Is this the program that open source people use to install all the random depencies that their program needs to work? The one that people tell me to use when I complain about git bash pico sudo pytorch Install commands?

Or did another company copy their name?

[–] gsfraley 29 points 2 months ago* (last edited 2 months ago) (1 children)

I mean, they're one implementor of about 10 that use the same container standards. It sucks that they were first so their name is now synonymous with containers a la Kleenex, but the technology itself is standard, very open and ubiquitous, and a huge step forward in simplifying deployments and development lifecycles that would otherwise be too complex to reasonably handle.
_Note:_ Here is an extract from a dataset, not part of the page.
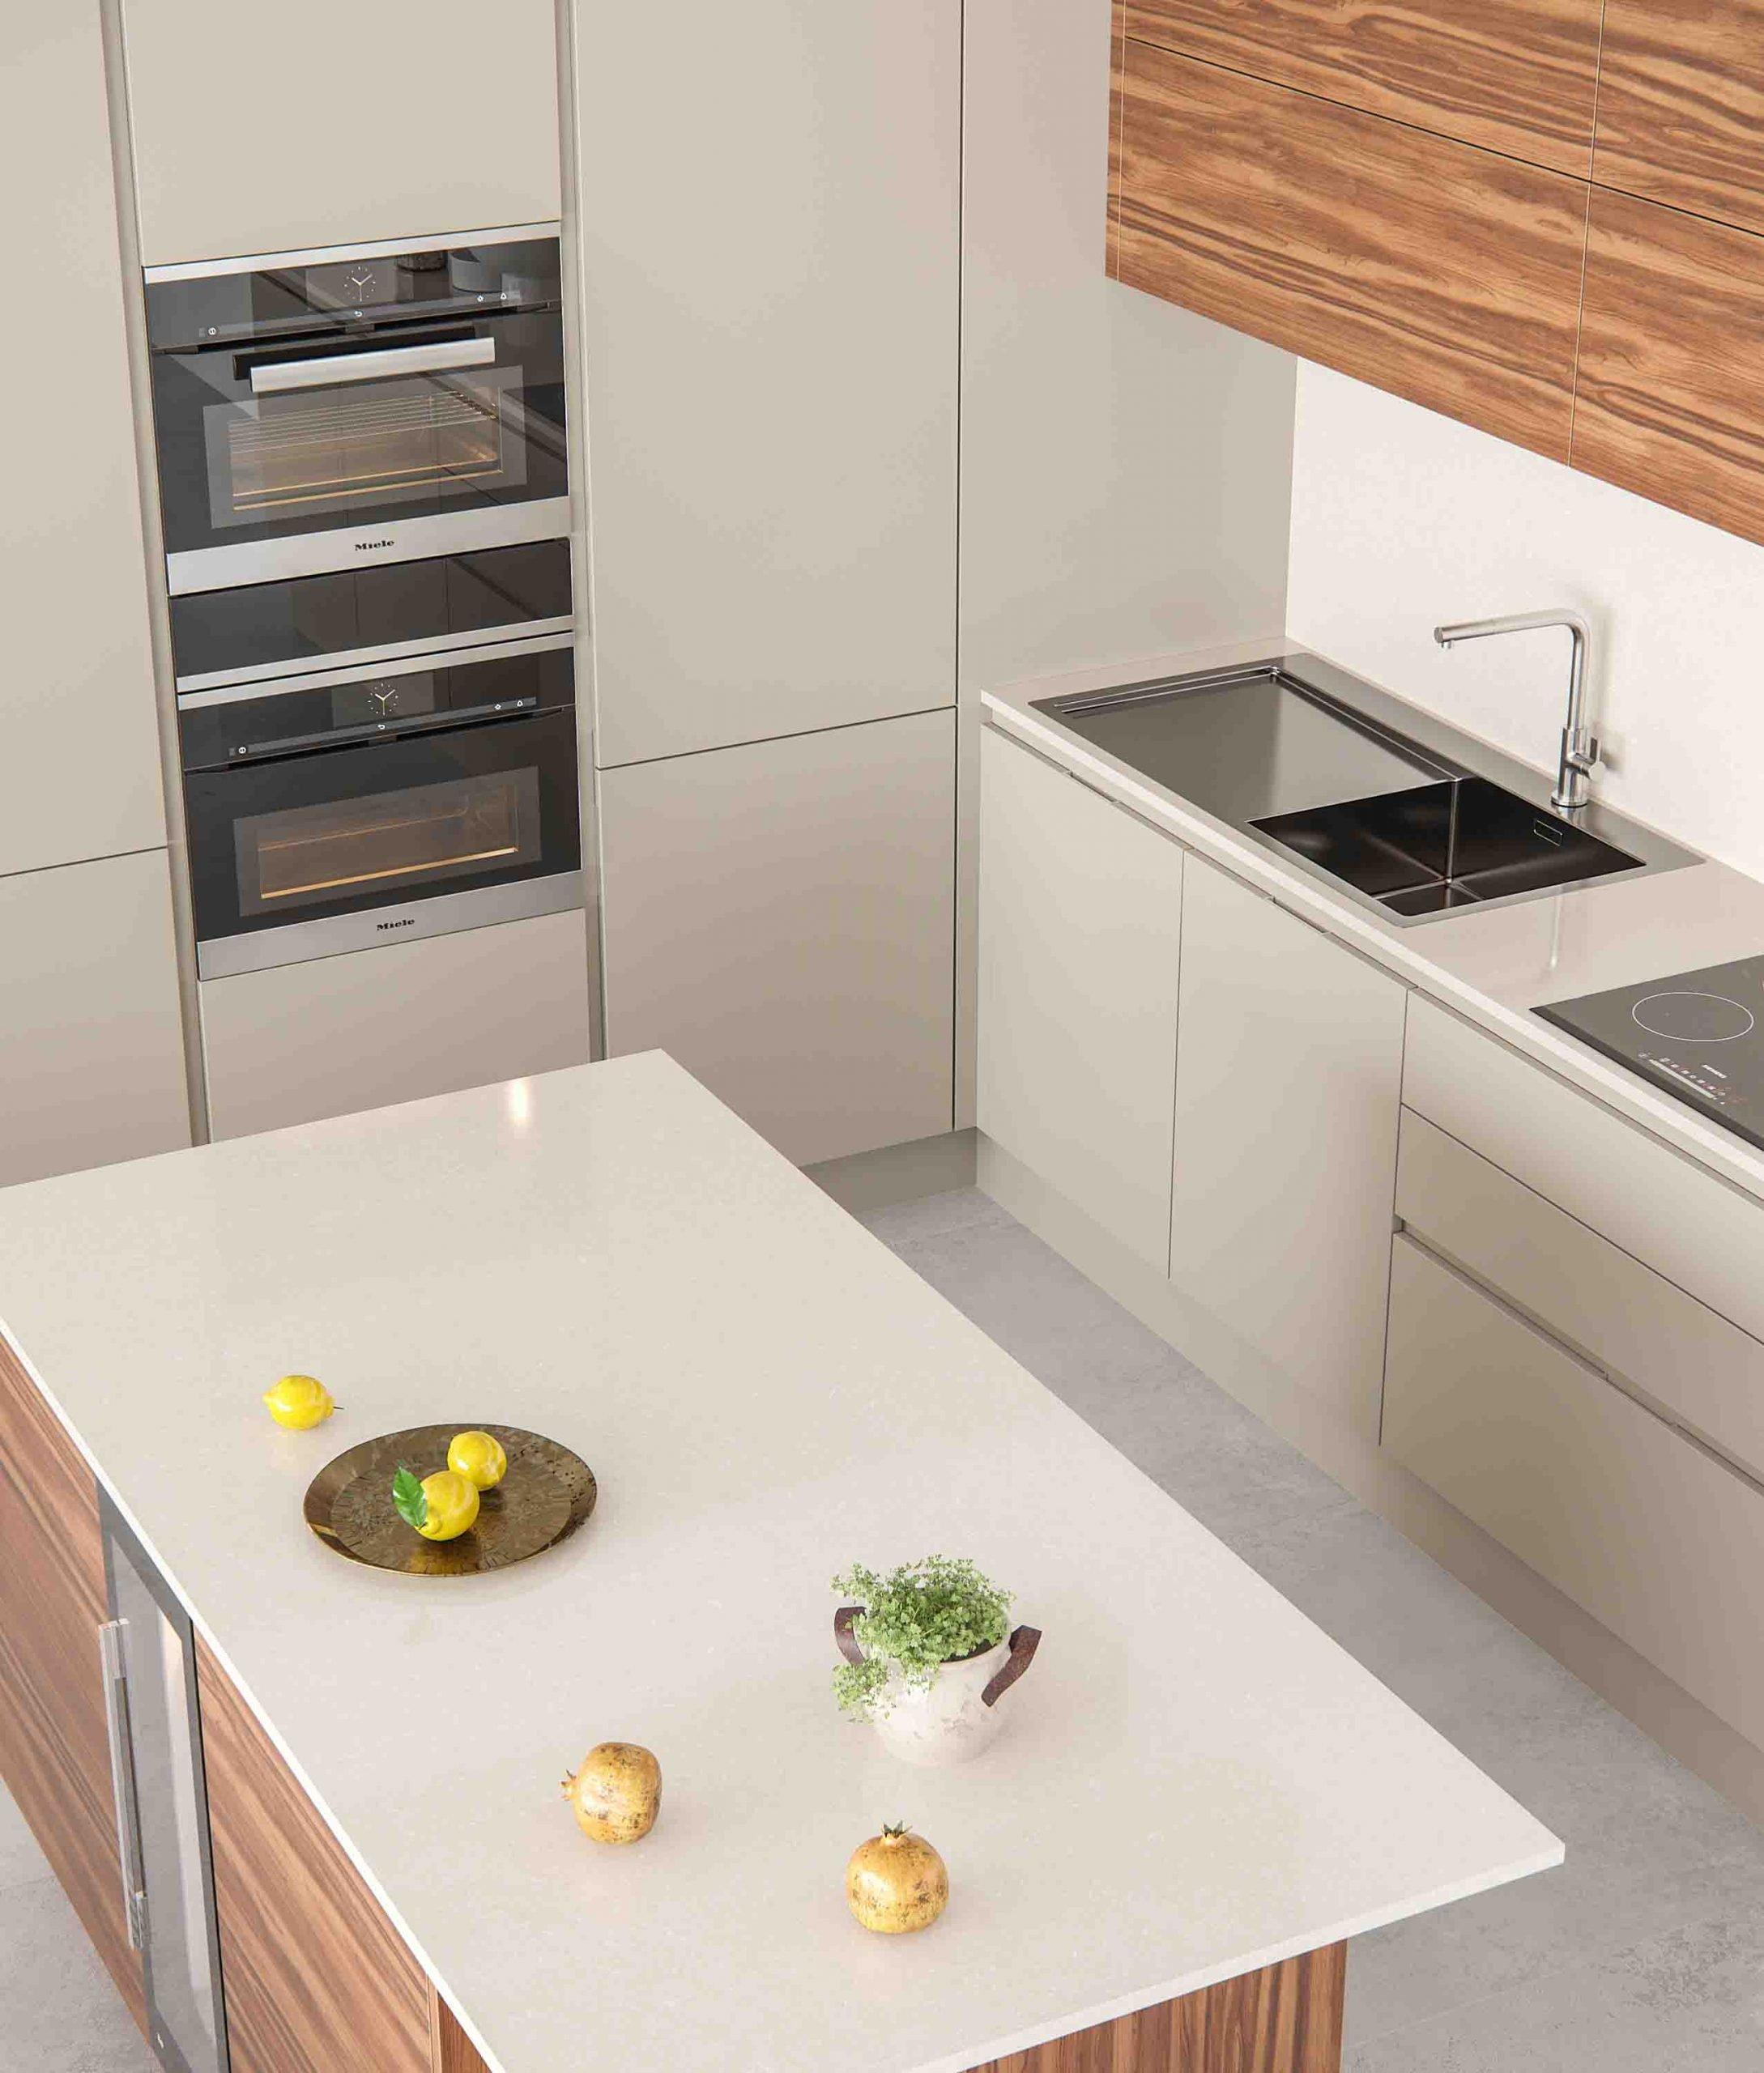 https://dprostudio.com/wp-content/uploads/2021/01/GRIXTI01_kitchen_mediterranea_hq_cam2-scaled.jpg

[–] [email protected] 5 points 2 months ago

To be fair, I used LXC before Docker, so I've always called them "containers." But I guess I'm old or something.

[–] [email protected] 3 points 2 months ago

Not having to install dependencies is a benefit of containers and their images. That's a pretty big thing to miss. Maybe give it a closer look.

[–] [email protected] -4 points 2 months ago (1 children)

Nope. Docker doesn't do that. That's something else.

[–] [email protected] 9 points 2 months ago

But it does in a lot of cases. At work, we use Docker images to bundle our dependencies for each microservice, and at home, I use Docker images for the same reason on my self-hosted repos. It's fantastic for running servers in a sandbox so you don't have to worry about what dependencies the host has.

But perhaps OP is talking about flatpaks instead.